The exact moment when the so-called Rohingya crisis sparked is debated: the June 2012 riots in Rakhine state are described by many as a turning point, while the October 2016 brutal military crackdown is also often considered. For the purposes of this post, what matters is that the extreme violence carried out by the Burmese military, including sexual and gender-based violence, torture, extrajudicial killings, infanticides, destruction of property and other violations of the most basic human rights, forced the exodus of the Rohingya. More than 727,000 of them have fled Rakhine state since August 2017. This situation has led UN representatives to readily affirm that the Rohingya are the “most persecuted minority in the world” and that their treatment constitutes a “textbook example of ethnic cleansing”. On the other hand, despite pressures from the international community, Myanmar has consistently refused access to UN investigators and humanitarian aid, denying all allegations of ethnic cleansing or genocide and allegedly intentionally erasing evidence of it.
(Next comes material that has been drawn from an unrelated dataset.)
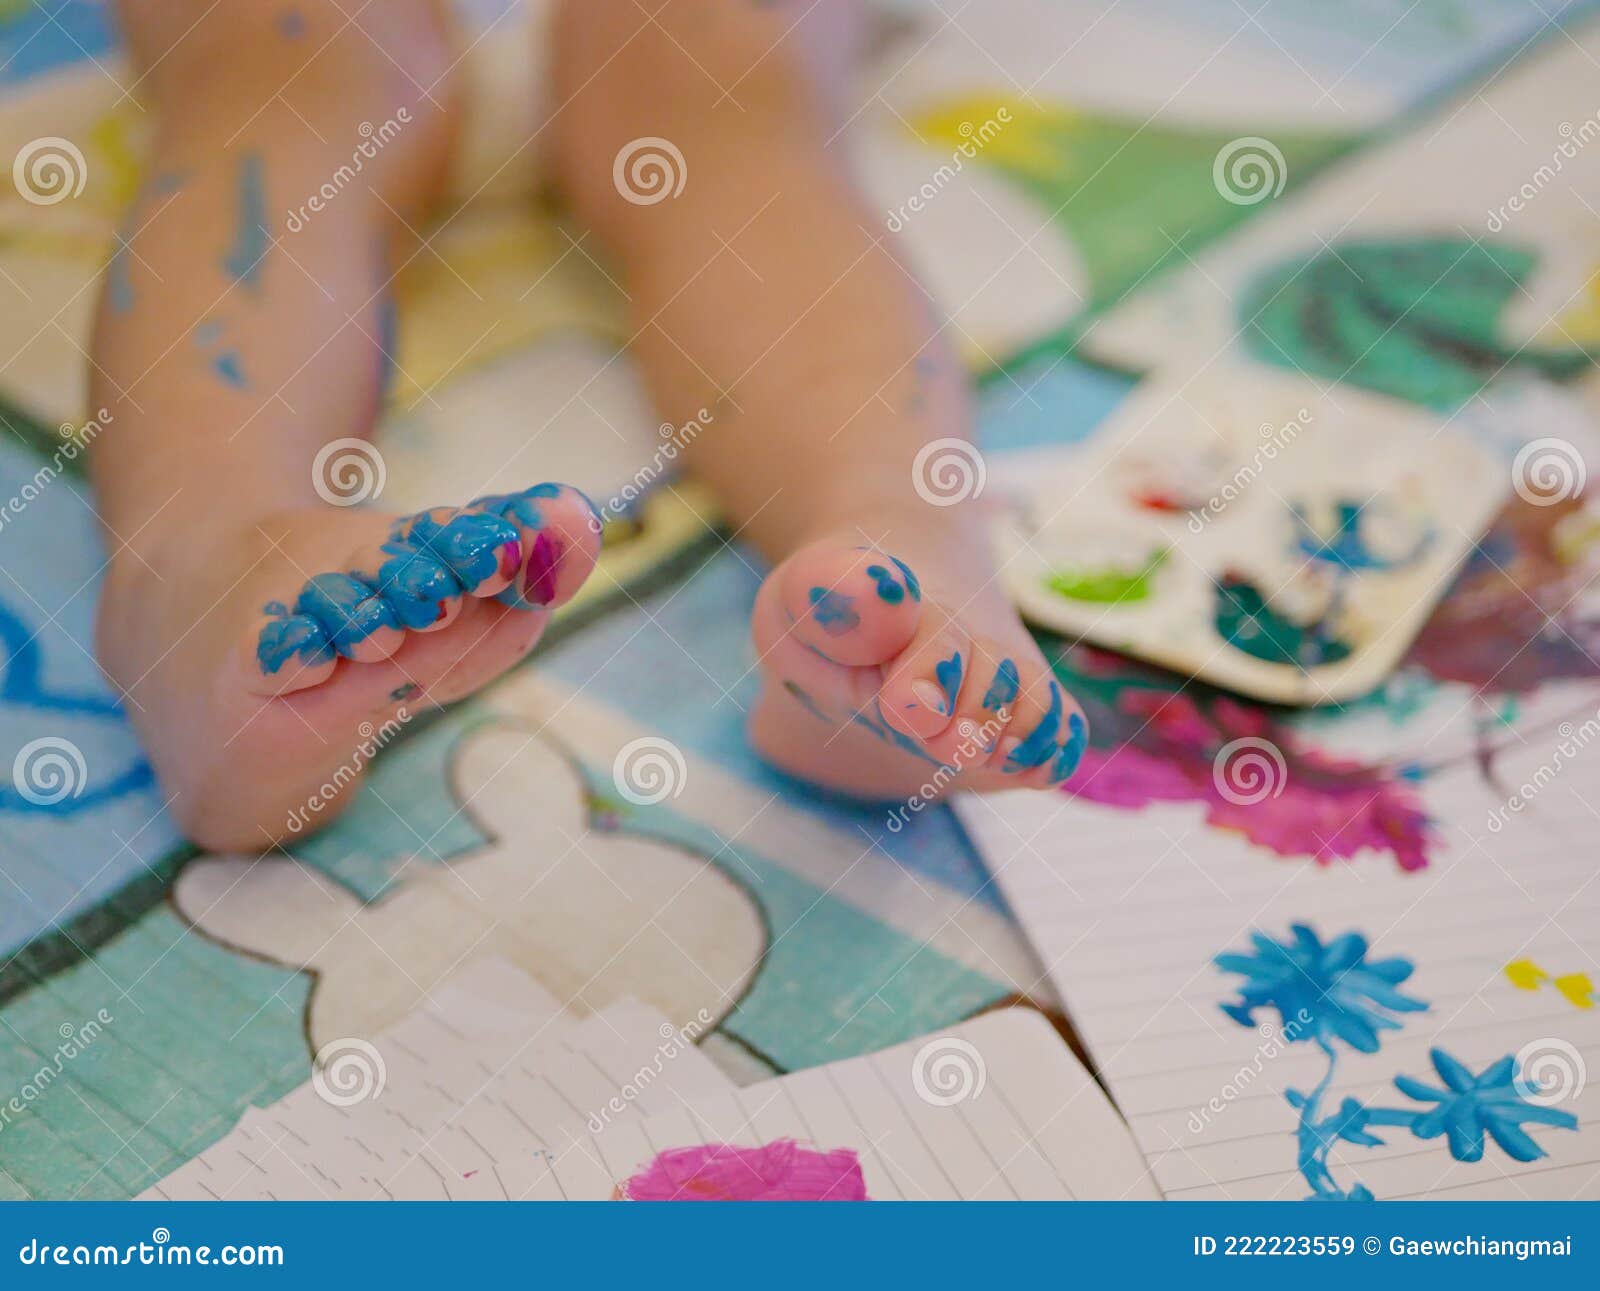 桌子是一位涂了油漆的脚趾甲的女人的脏脚 库存照片. 图片 包括有 水泥, 真菌, 室内, 健康, 被证章的 - 159181522
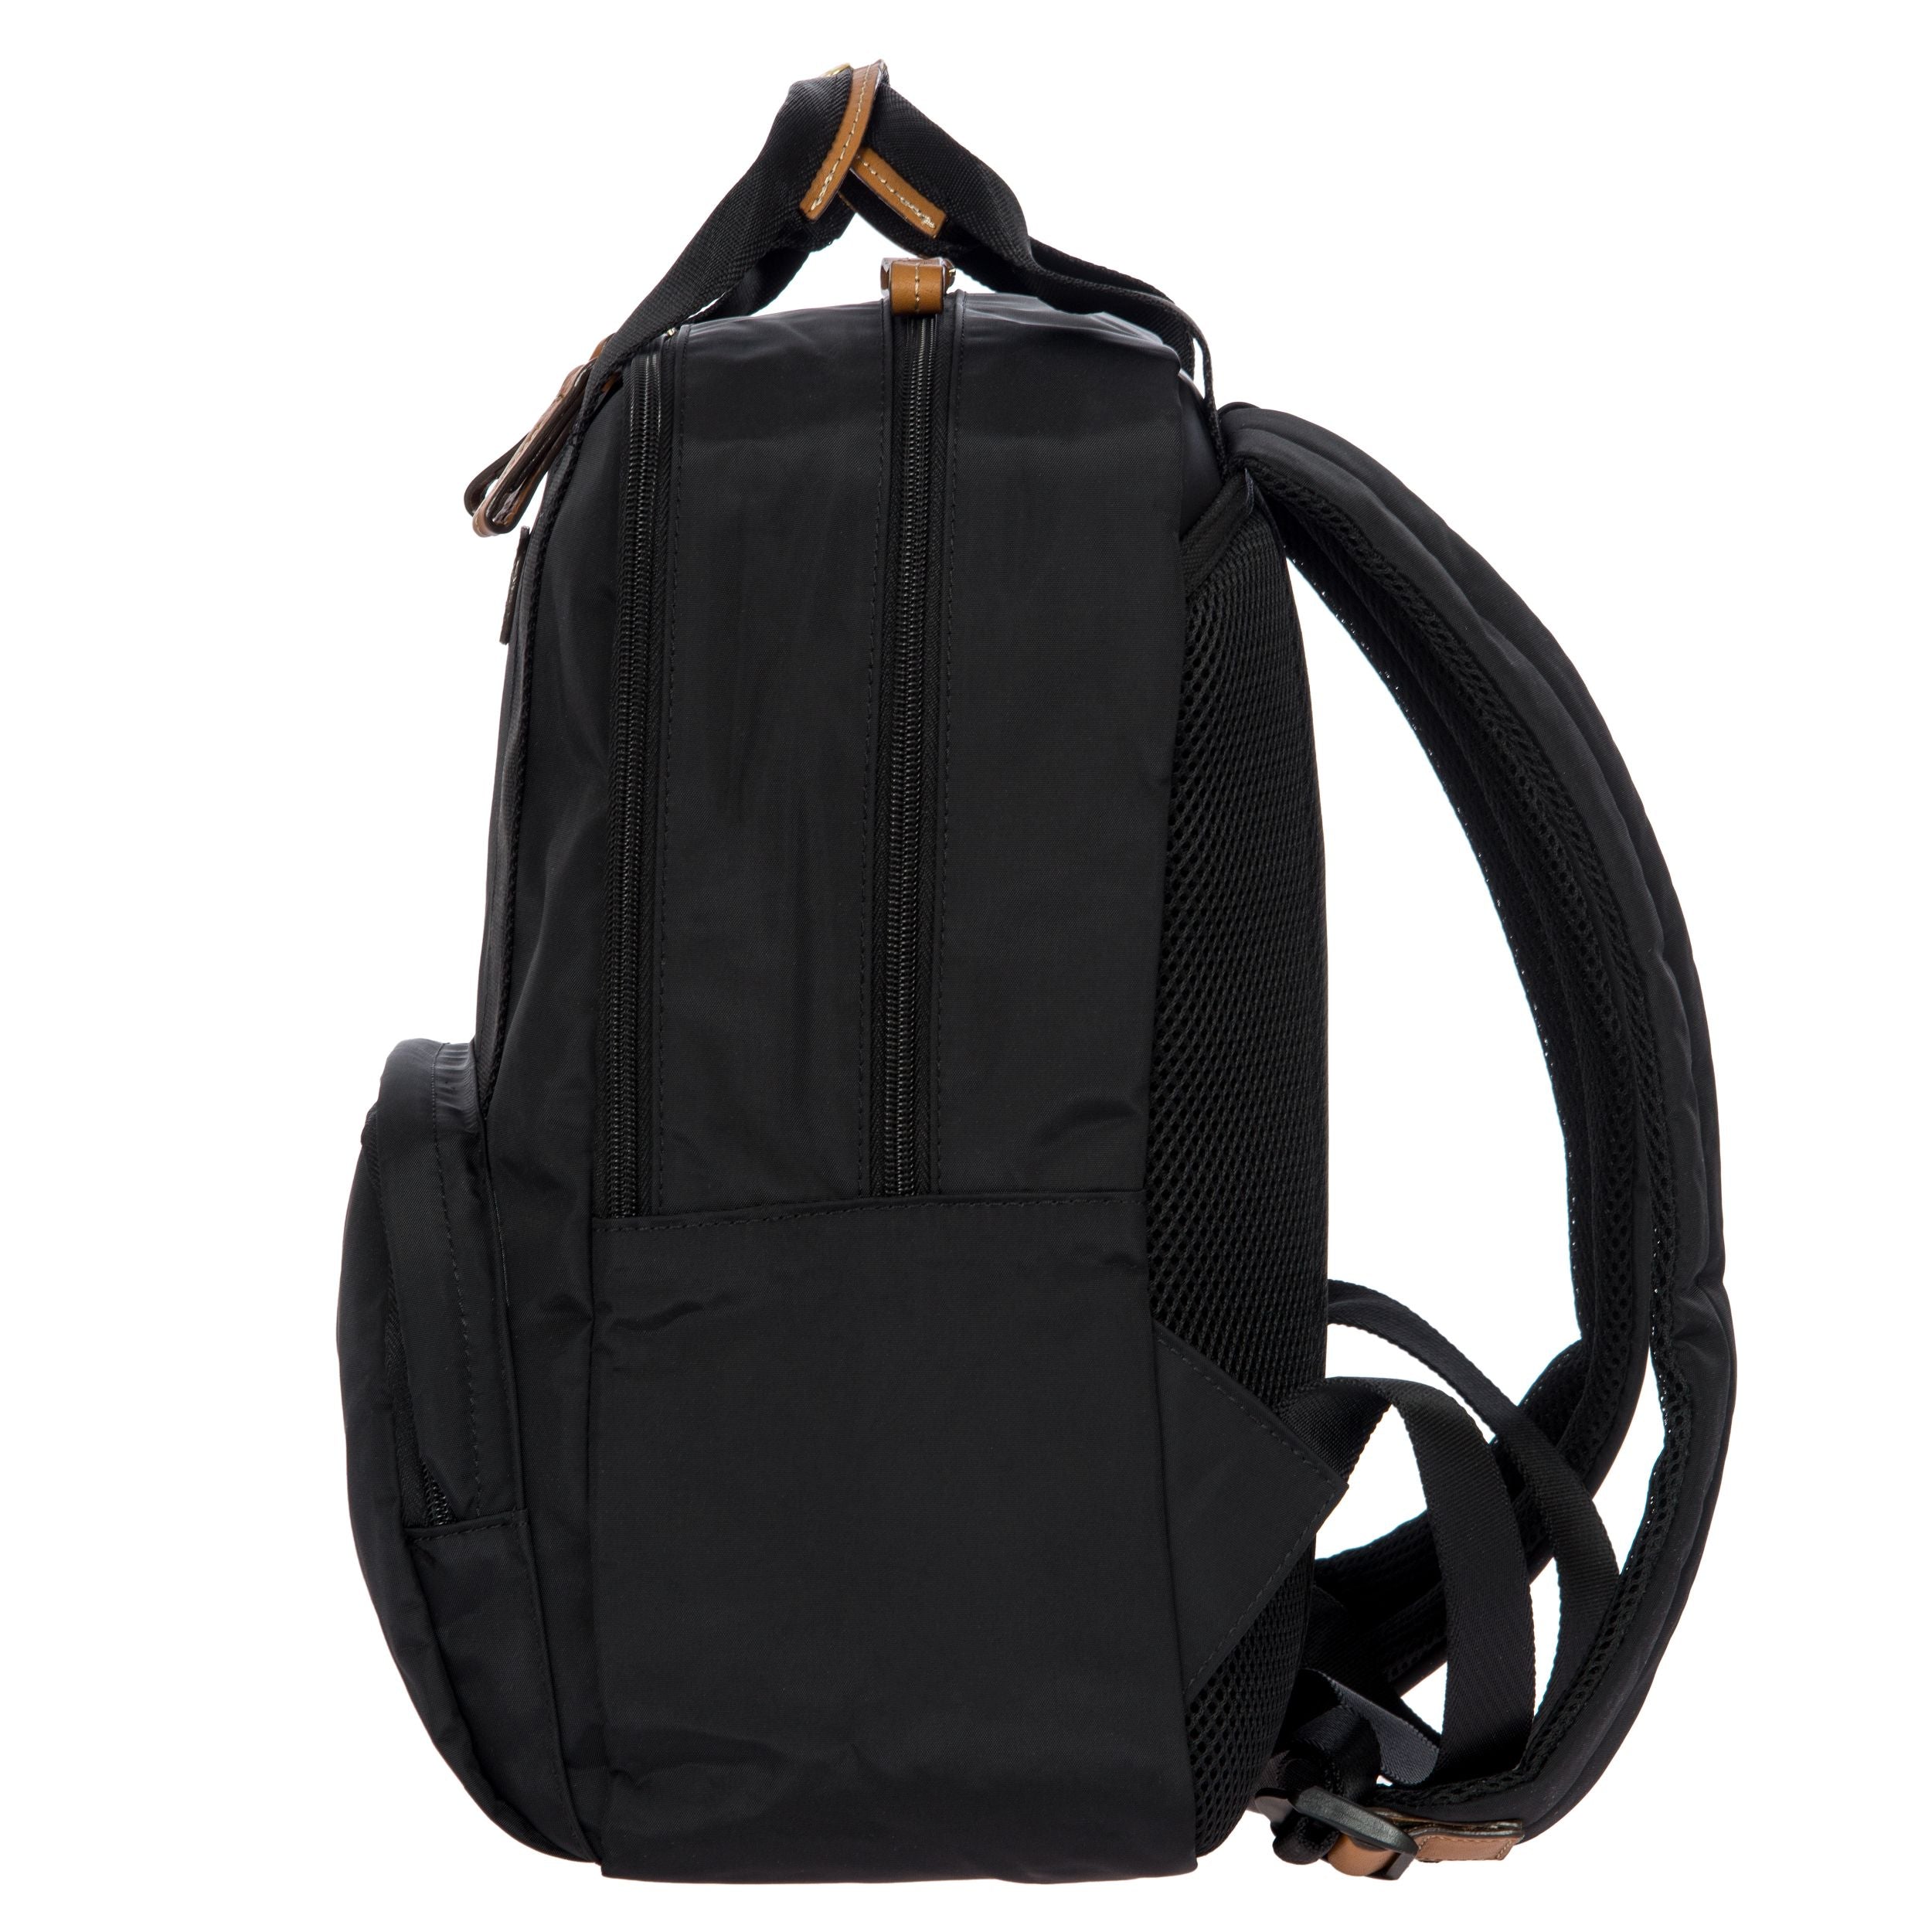 X-Bag / X-Travel Urban Backpack

Eyes riveted on the ICC: novel answers to novel issues

As the massive and widespread violations became impossible for the international community to ignore, calls for action by the ICC became more and pressing. In particular, since the end of 2017, the OTP received numerous communications and reports concerning crimes allegedly committed. However, with respect to the PE’s four phases mentioned in an earlier post, the OTP faced important and novel jurisdictional issues regarding the crime of deportation. These issues were rooted in the fact Myanmar is not a State Party to the ICC, while Bangladesh, to which the Rohingya were deported, is a State Party. Given the cross-border nature of the crime of deportation, which is completed upon the displacement of a person to another state or location (see the Elements of crimes, Article 7(1)(d), Element 1), the jurisdiction of the ICC over this situation was unclear. This uncertainty led the ICC Prosecutor to make use, for the very first time, of Article 19(3) of the Rome Statute to request a ruling on the jurisdiction of the Court over this particular situation. After taking into consideration many amici curiæ observations from different civil society members and organizations, the Court declared itself competent on 6 September 2018 over the alleged deportation of the Rohingya from Myanmar to Bangladesh. It also recognized that it could also exercise its jurisdiction “with regard to any other crime set out in article 5 of the Statute, such as the crimes against humanity of persecution and/or other inhumane acts” (here). The ICC OTP almost immediately opened a preliminary examination on the Rohingya situation, on 17 September the same year.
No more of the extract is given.